Veterinary Sciences Centre, University College Dublin, Belfield, Dublin, Ireland.
Conway Institute of Biomedical and Biomolecular Research, University College Dublin, Belfield, Dublin, Ireland.
J Gen Virol. 2023 Feb;104(2). doi: 10.1099/jgv.0.001821.
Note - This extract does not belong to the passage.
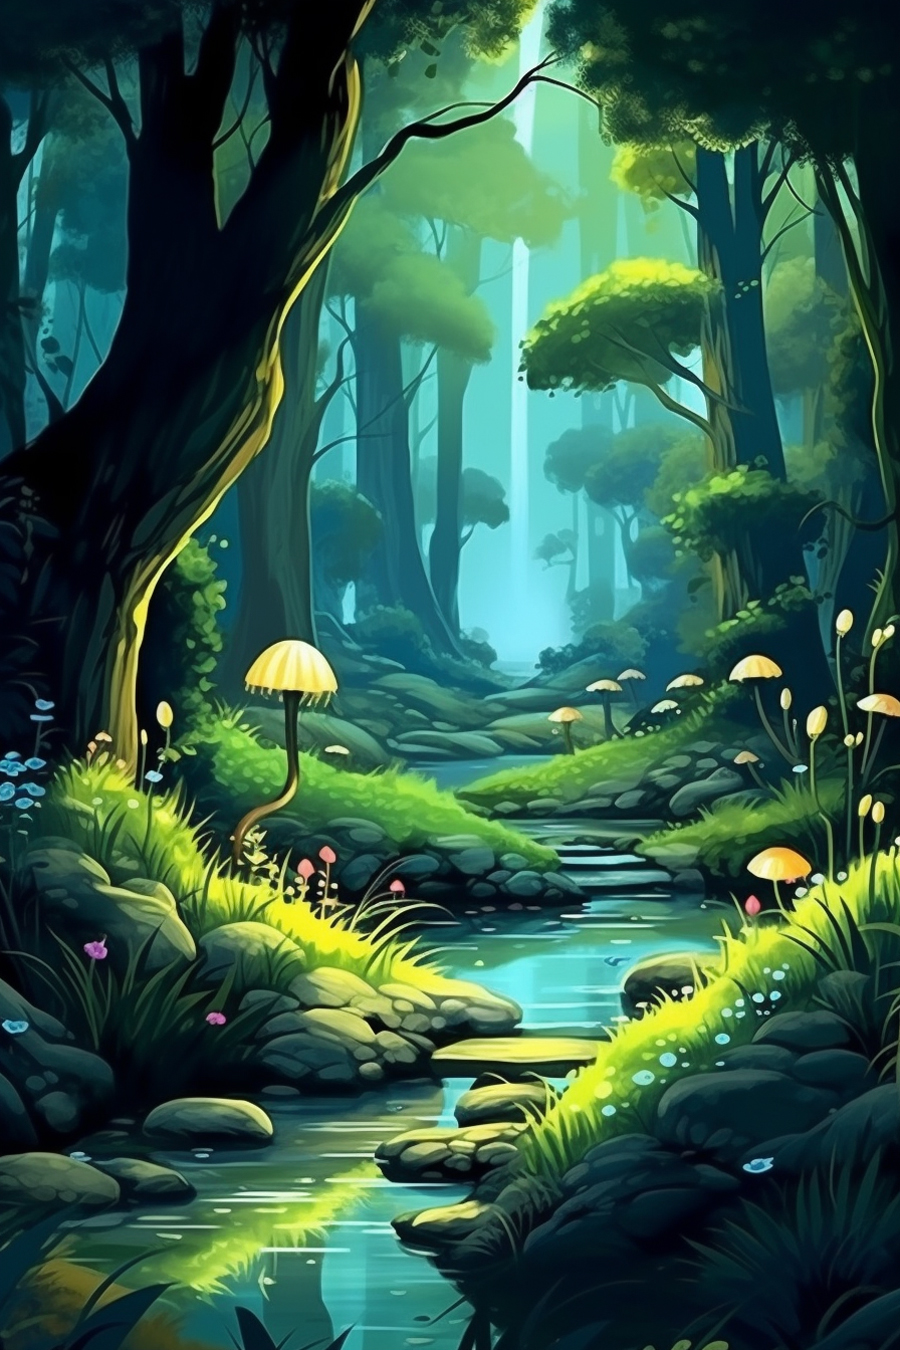 A cartoon forest scene with a stream and trees.

A novel proprietary formulation, ViruSAL, has previously been demonstrated to inhibit diverse enveloped viral infections and . We evaluated the ability of ViruSAL to inhibit SARS-CoV-2 (severe acute respiratory syndrome coronavirus-2) infectivity using physiologically relevant models of the human bronchial epithelium, to model early infection of the upper respiratory tract. ViruSAL potently inhibited SARS-CoV-2 infection of human bronchial epithelial cells cultured as an air-liquid interface (ALI) model, in a concentration- and time-dependent manner. Viral infection was completely inhibited when ViruSAL was added to bronchial airway models prior to infection. Importantly, ViruSAL also inhibited viral infection when added to ALI models post-infection. No evidence of cellular toxicity was detected in ViruSAL-treated cells at concentrations that completely abrogated viral infectivity. Moreover, intranasal instillation of ViruSAL to a rat model did not result in any toxicity or pathological changes. Together these findings highlight the potential for ViruSAL as a novel and potent antiviral for use within clinical and prophylactic settings.
一种新型专利配方 ViruSAL 此前已被证明能够抑制多种包膜病毒感染。我们评估了 ViruSAL 抑制 SARS-CoV-2(严重急性呼吸综合征冠状病毒-2)感染的能力,使用人类支气管上皮细胞的生理相关模型,模拟上呼吸道的早期感染。ViruSAL 以浓度和时间依赖的方式强烈抑制培养的作为气液界面 (ALI) 模型的人支气管上皮细胞中的 SARS-CoV-2 感染。在感染前将 ViruSAL 添加到支气管气道模型中时,病毒感染完全被抑制。重要的是,当将 ViruSAL 添加到感染后的 ALI 模型中时,也抑制了病毒感染。在完全消除病毒感染性的浓度下,ViruSAL 处理的细胞中未检测到细胞毒性的证据。此外,鼻内滴注 ViruSAL 到大鼠模型中不会导致任何毒性或病理变化。这些发现共同强调了 ViruSAL 作为一种新型强效抗病毒药物在临床和预防环境中的应用潜力。